Phase II, Open-Label Safety and Efficacy Study of Telisotuzumab Vedotin (ABBV-399) in Subjects with Previously Treated c-Met+ Non-Small Cell Lung Cancer
This study is designed to identify the target NSCLC population(s) that overexpress c-Met (c-Met+) best suited for telisotuzumab vedotin therapy in the second-line or third-line setting (Stage 1) and then to expand the group(s) to further evaluate efficacy in the selected population(s) (Stage 2).
Primary The primary objective is to determine the overall response rate (ORR) of telisotuzumab vedotin in subjects with c-Met+ NSCLC.
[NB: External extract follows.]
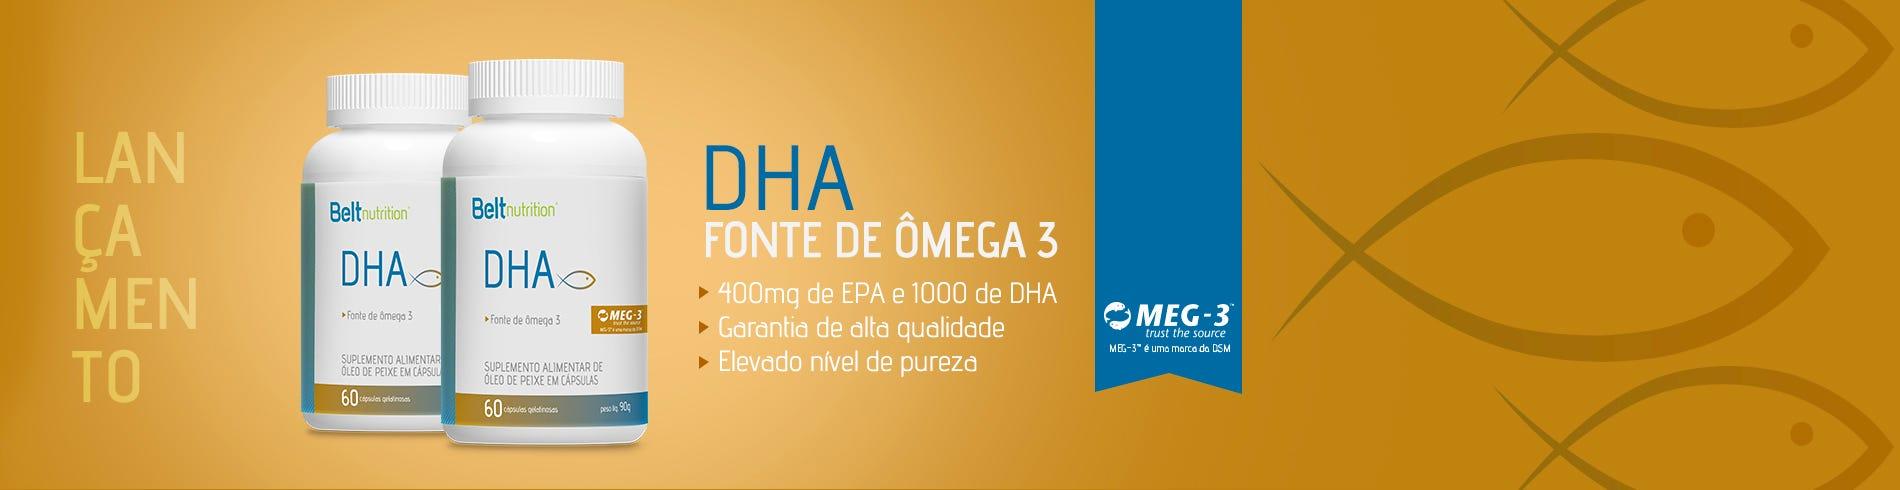 Belt DHA Plus

Secondary The secondary objectives are to determine: Duration of response (DoR). Disease control rate (DCR). Duration of disease control (DDC). Progression free survival (PFS). Overall survival (OS). Safety and tolerability.
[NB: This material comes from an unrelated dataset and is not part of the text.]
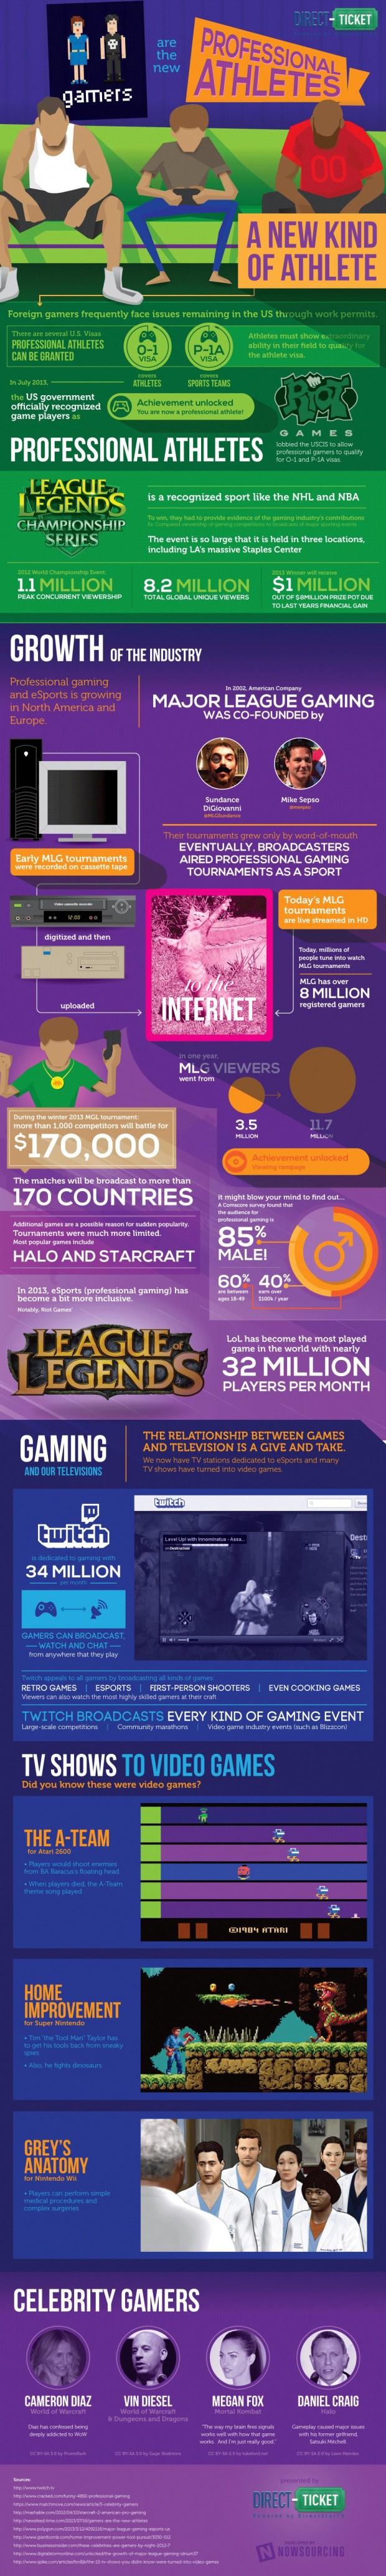 gamers-atheletes

Exploratory The exploratory objectives are to: Correlate c-Met expression level (nucleic acid and protein) in tumor and plasma (ctDNA) with ORR and DoR. To explore the relationship between pharmacokinetic (PK) and pharmacodynamic (PDx), safety, and efficacy endpoints. To evaluate other predictive biomarkers that correlate with efficacy and safety. To assess the following patient reported outcomes (PROs): European Organization for the Research and Treatment of Cancer (EORTC) Quality of Life Questionnaire (QLQ) Core 15 Palliative (EORTC QLQ-C15-PAL) EORTC QLQ Lung Cancer (EORTC QLQ-LC13) EORTC QLQ Chemotherapy-induced Peripheral Neuropathy (EORTC QLQ-CIPN20) EuroQoL EQ-5D-5L.